▸ Instructions to follow:
Type the data below again exactly. Omit all pictures.

▸ Information supplied:

Content starts

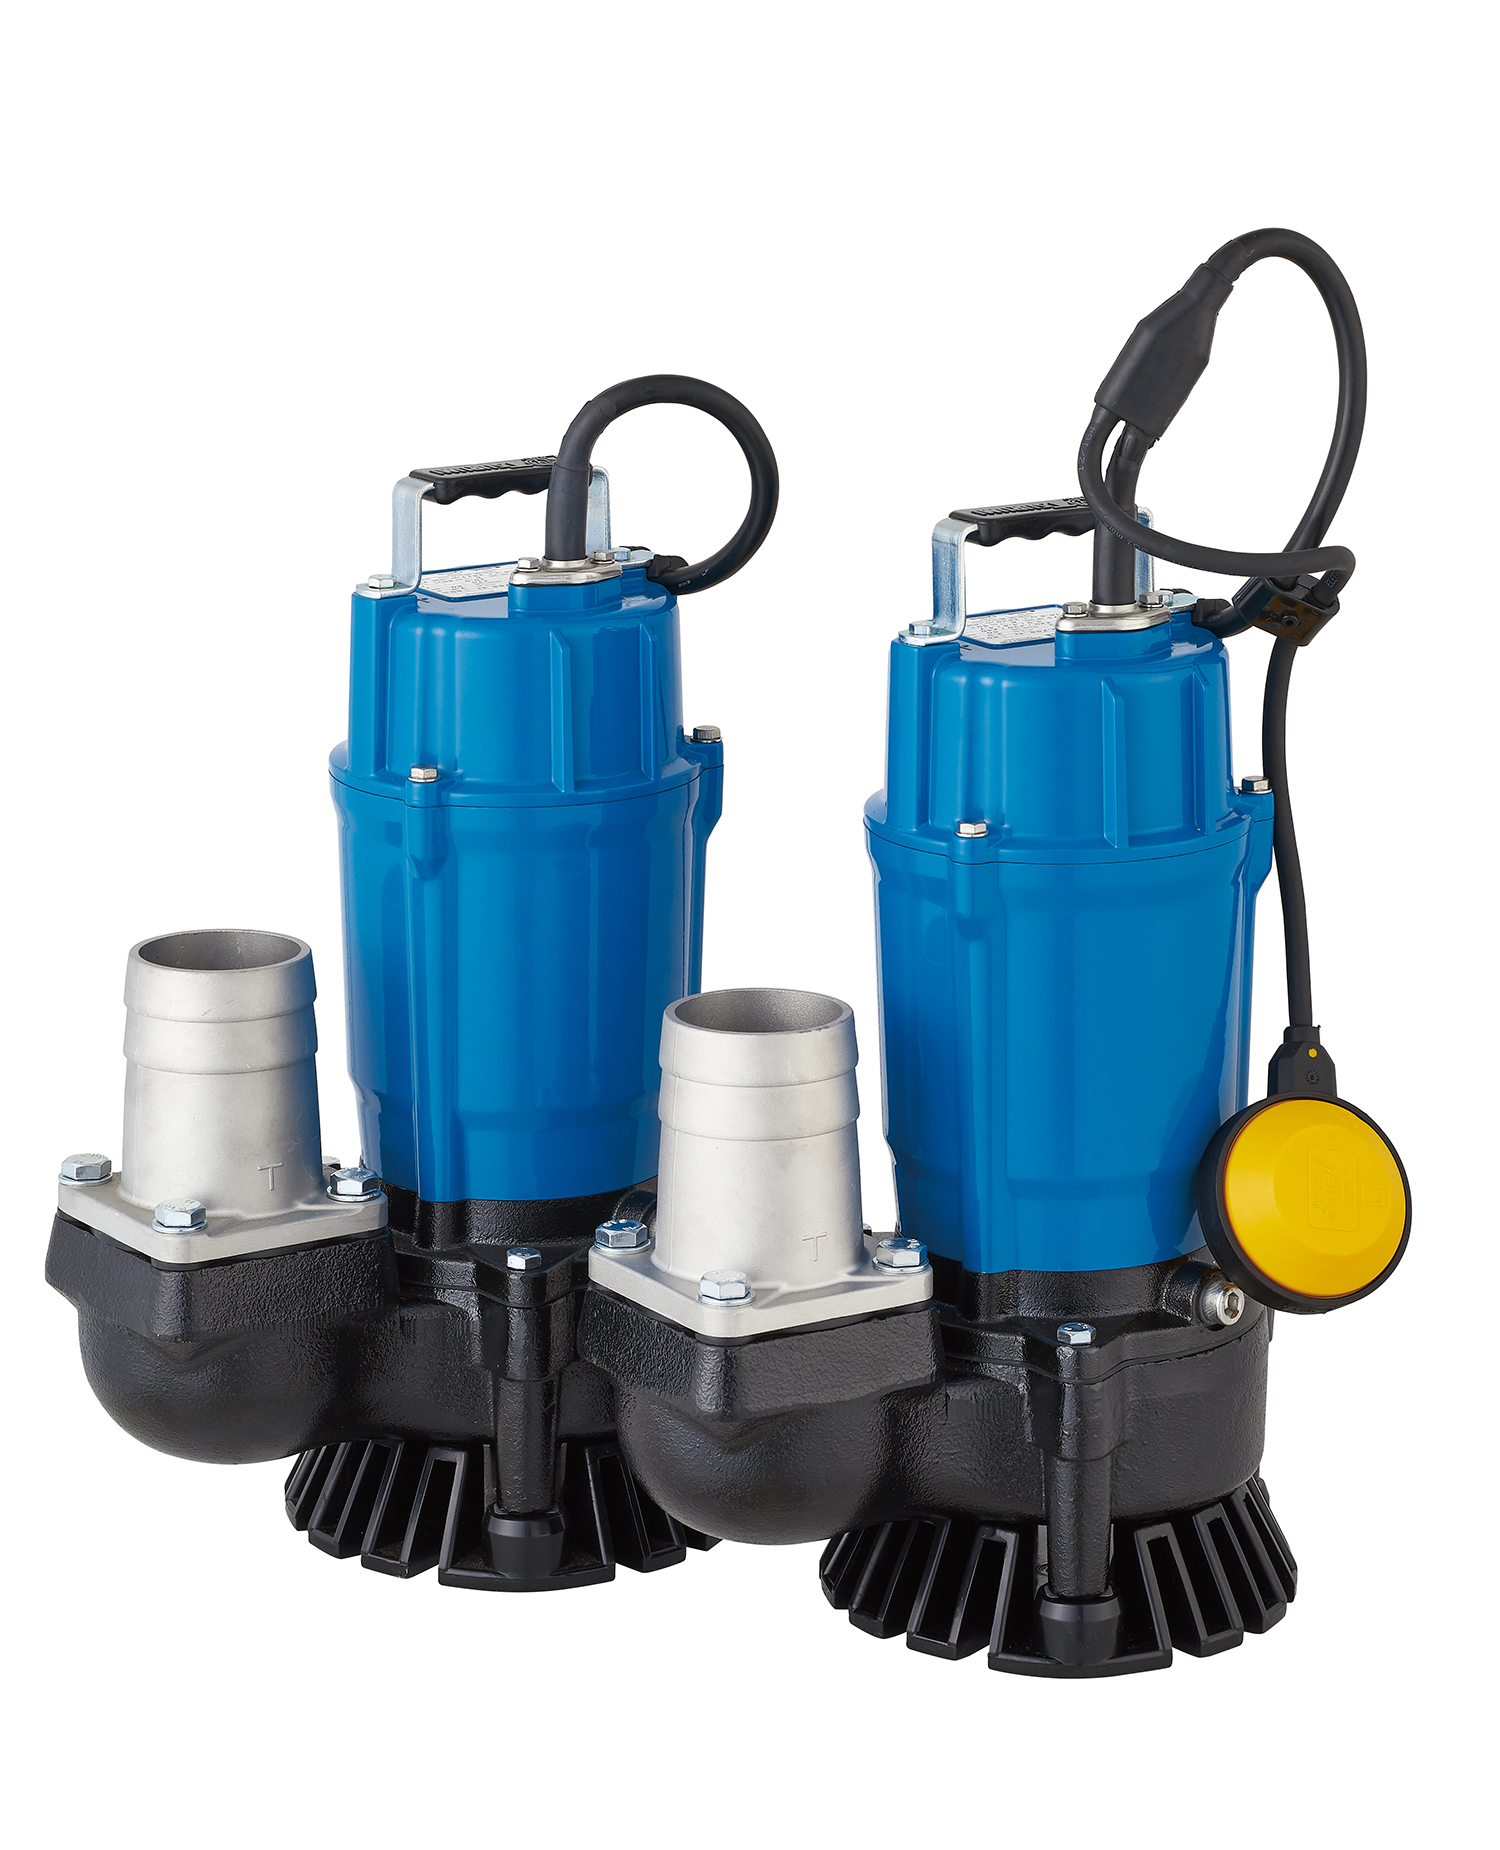 Tsurumi's new portable drainage pumps have a maximum capacity of 580 l/min and maximum head of 10.8 m3/min of drainage capability.
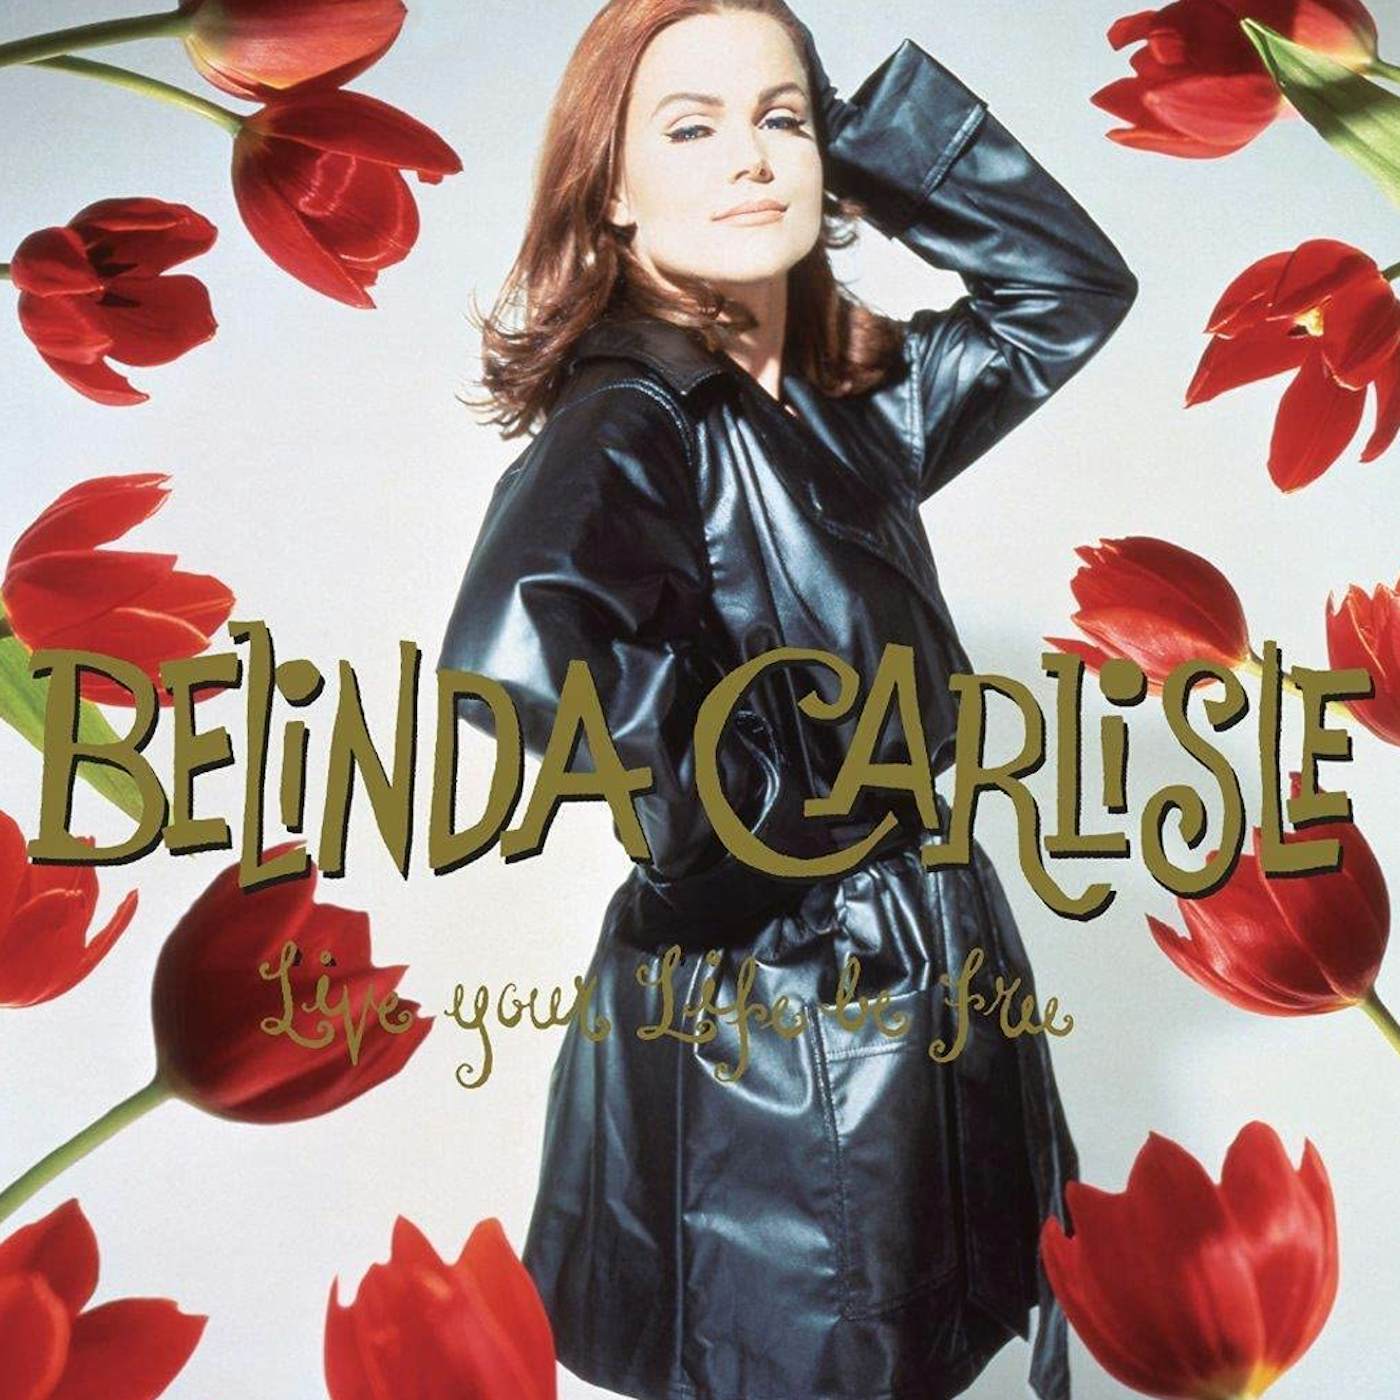 Belinda Carlisle LP Vinyl Record - Live Your Life Be Free - 30th Anniversary
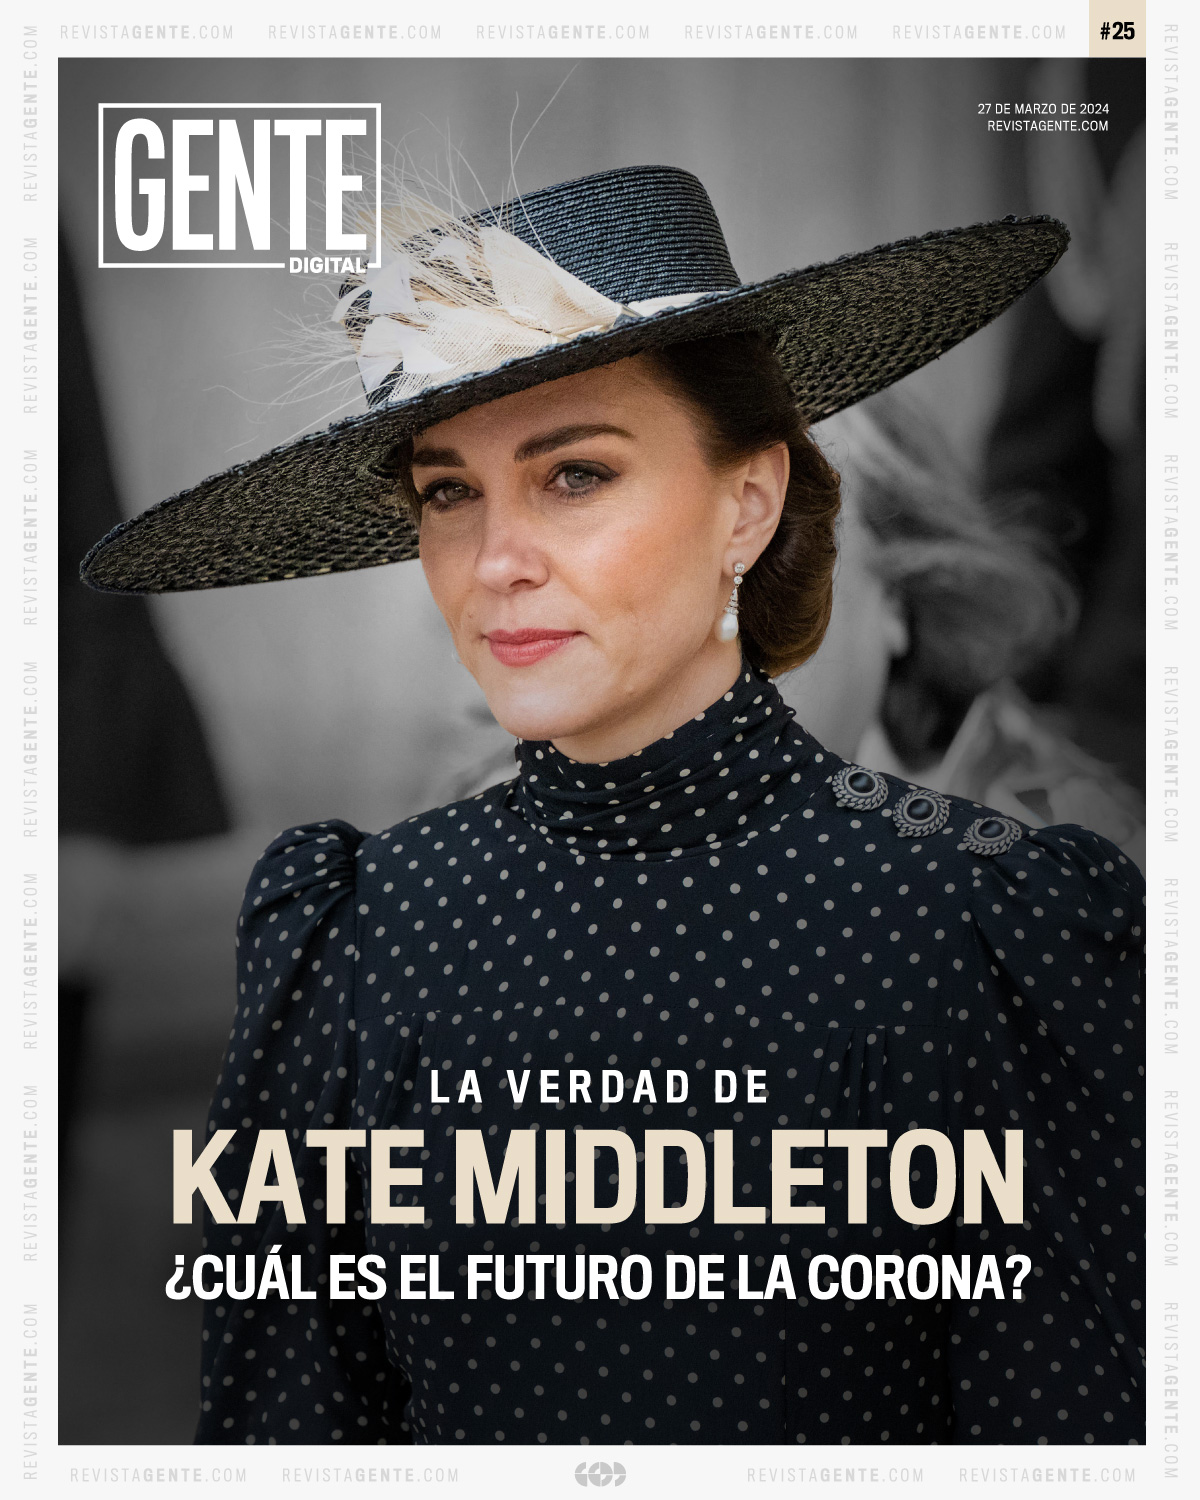 La verdad de Kate Middleton: ¿cuál es el futuro de la corona?

Content ends

▸ Solution:
 Tsurumi's new portable drainage pumps have a maximum capacity of 580 l/min and maximum head of 10.8 m3/min of drainage capability.
 Belinda Carlisle LP Vinyl Record - Live Your Life Be Free - 30th Anniversary
 La verdad de Kate Middleton: ¿cuál es el futuro de la corona?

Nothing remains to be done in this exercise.